Eléctrico. Inolvidable. Como pocas veces, un partido "normal", donde no se jugaba nada, quedará en la memoria de la gente. De todos. No solamente de ese triperío que se desgarró la garganta gritando goles cuando el equipo de Troglio arrolló como un tren a Argentinos Juniors. Se cruzan las imagenes. Se mezclan, desenfrenadas como los últimos 25 minutos de partido. Medina por Brum. 0-2 a los 23 minutos. Los desbordes de Bonifacio. Nacho, crack. Contreras por Álvaro. Pum, Contreras. Mazzola, travesaño. Franzoia cruzado, Navarroooo. Mazzola (mal) anulado. Mendoza por Oreja. Ocho en ataque. Freitas que le erró a la pelota. (Era el final). Laso, en la línea. "No lo aguanta". 39 minutos. El cabezazo de Oliver, 2-2. Tiro libre: Nacho, apenas. 44. La puntita de Medina, 3-2. Mendoza, palo; Bonifacio, gol. Enorme partido de Boni. 26 minutos apenas transformaron un 0-2 en un 4-2. Por eso, el Bosque fue una locura.
Foto Triperomaníacos/Agata Natale
¿Qué pasó antes? Gimnasia no jugó bien, aunque buscó. Le dieron un penal que no fue tras 22 fechas y Álvaro Fernández eligió mal o Gabbarini bien. En la contra, gol de Lenis. Y en el final del primer tiempo, jugadón del Negro que recuperó de 4, condujo de 10 y definió de 9. 0-2. Oreja no podía. Brum impreciso. El equipo, nervioso. Y tres contras, tres goles en los últimos dos partidos. Para este equipo, increíble. Sostienen los jugadores que no tuvieron sensación de "partido perdido". Habrá que creerles, porque el segundo tiempo es el compendio de lo que todo hincha quiere de su equipo. "Huevo y corazón", "dejar todo", "transpirar la camiseta" + pasar por arriba a un rival que nunca terminó de entender de donde venían las manos que lo pusieron contra las cuerdas primero y lo mandaron a la lona poco después. Siempre, vinculada al Gimnasia de Troglio, aparece la figura del boxeador: ese que siempre tiene resto, que saca una mano fantasma, que como Rocky Balboa no escucha la campana y advierte "Un round más". Con ganas y con fútbol. Con Bonifacio (el partido de sus sueños) y Mendoza pasando, con Rojas e Ignacio Fernández (cerebral, preciso, distinto) llevando la pelota, con Medina (100% potrero) y Meza por afuera más Contreras y Mazzola por adentro. Un equipo empujado al ataque por los cambios que respondieron como nunca. Y el mensaje del DT que fue "vamos, a buscarlo". Lo buscó y lo encontró. A veces sale mal. Hoy, salió redondo. Por eso los elogios a wing por 5, 9 por volante retrasado y volante de ataque por lateral. Troglio cambió y ganó gracias a tres plenos. Dos de ellos, con gol incluído.

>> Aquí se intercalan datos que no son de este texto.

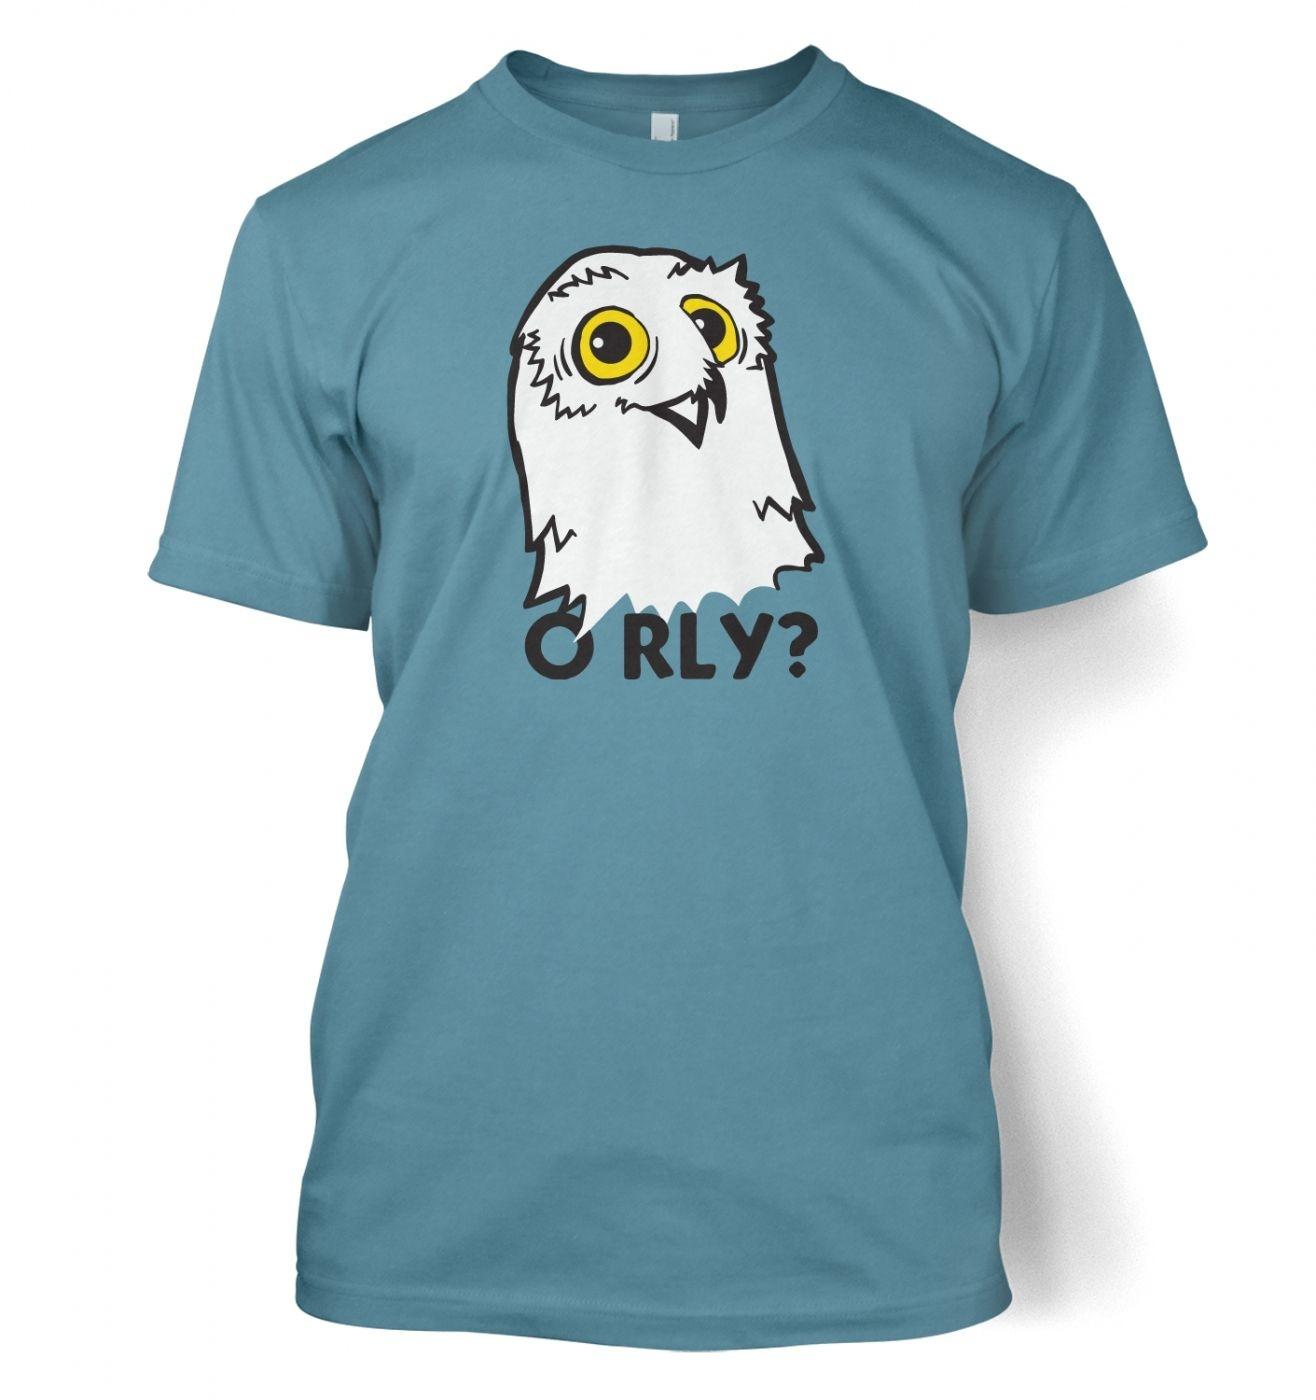 O RLY? Owl t-shirt
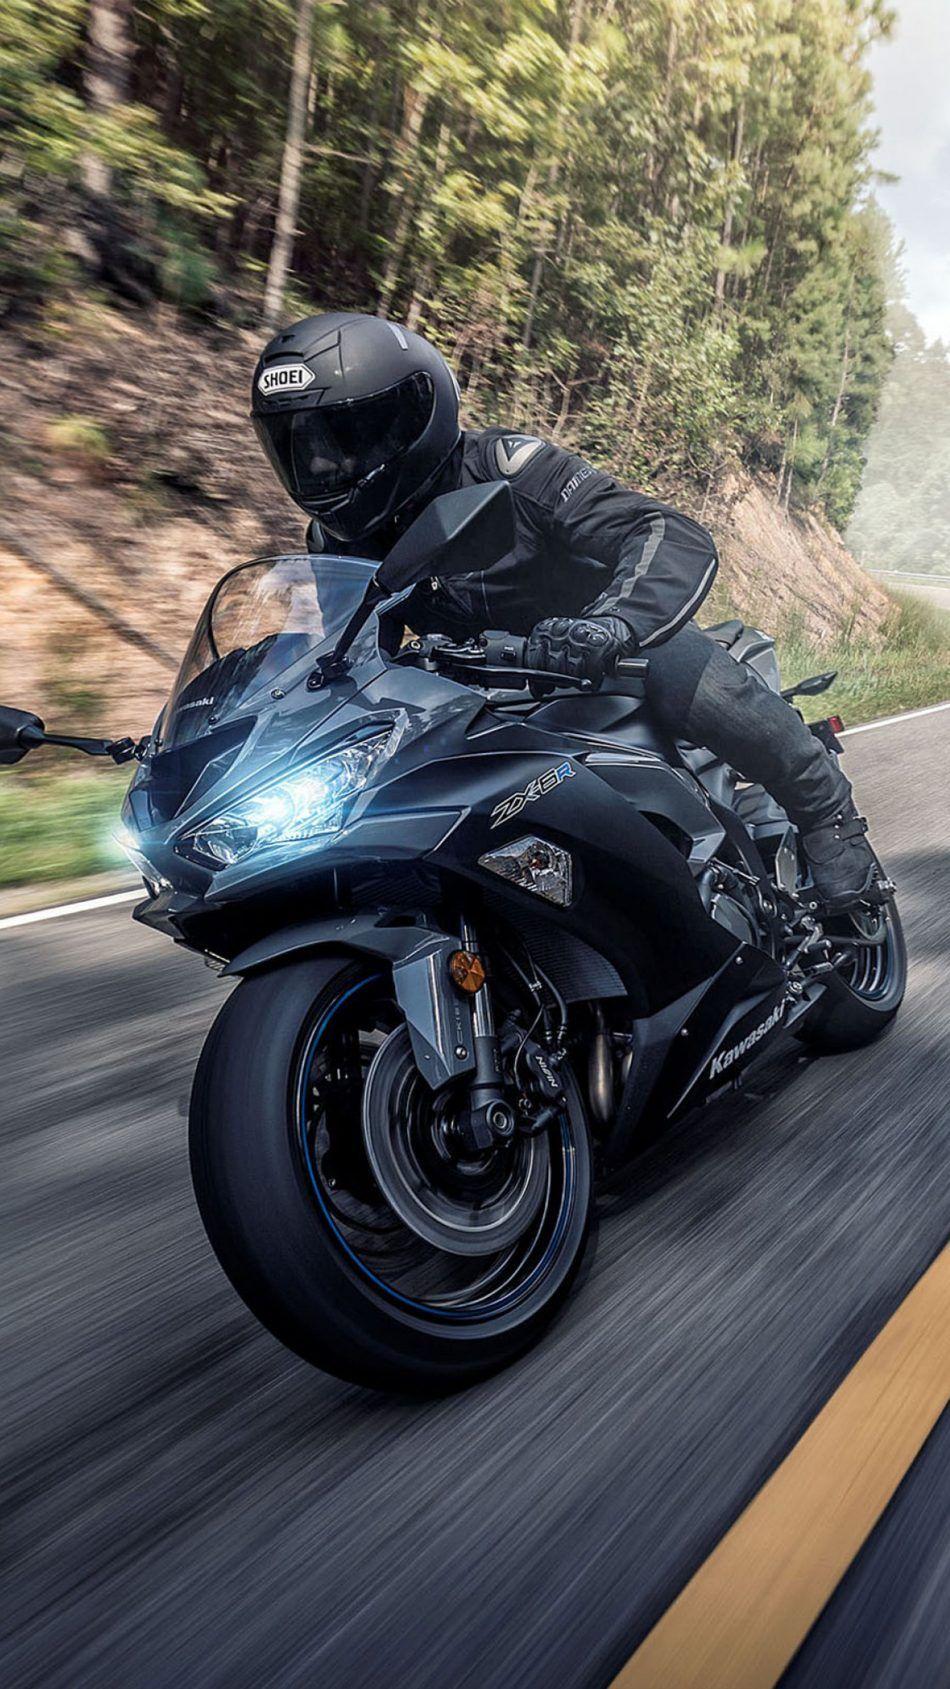 Kawasaki Ninja Zx 6r 2019 With Images Kawasaki Bikes Ninja

Hay recuerdos de partidos "dados vuelta" por el Lobo. En el Clausura 2006, el 3 a 2 a Newell's en el Parque. Unos meses antes, en el recordado Apertura 2005, el 3-2 a San Lorenzo en el Bosque. Esos 0-2 convertidos en 3-2 tuvieron a Troglio en el banco. Hay más: otro 3-2 a San Lorenzo en el Apertura '98, con Timoteo. Y el recordado 3-2 a Quilmes en un día de semana, el "sí, se puede" del ascenso del '84. Ninguno como este. Hoy el Bosque se cargó de una energía especial como en las grandes tardes.
Tal vez no alcance para grandes objetivos. Los de arriba son grandes y no aflojan. Quizá, el Lobo ni siquiera pueda meterse en la Liguilla Pre Libertadores. Sin embargo, casi todos recordarán esta tarde especial. Aquel partido que "no sabes lo que fue" porque "el partido estaba perdido y a Argentinos lo pasaron por arriba". Un partido que permanecerá en la memoria: la tarde de la remontada soñada.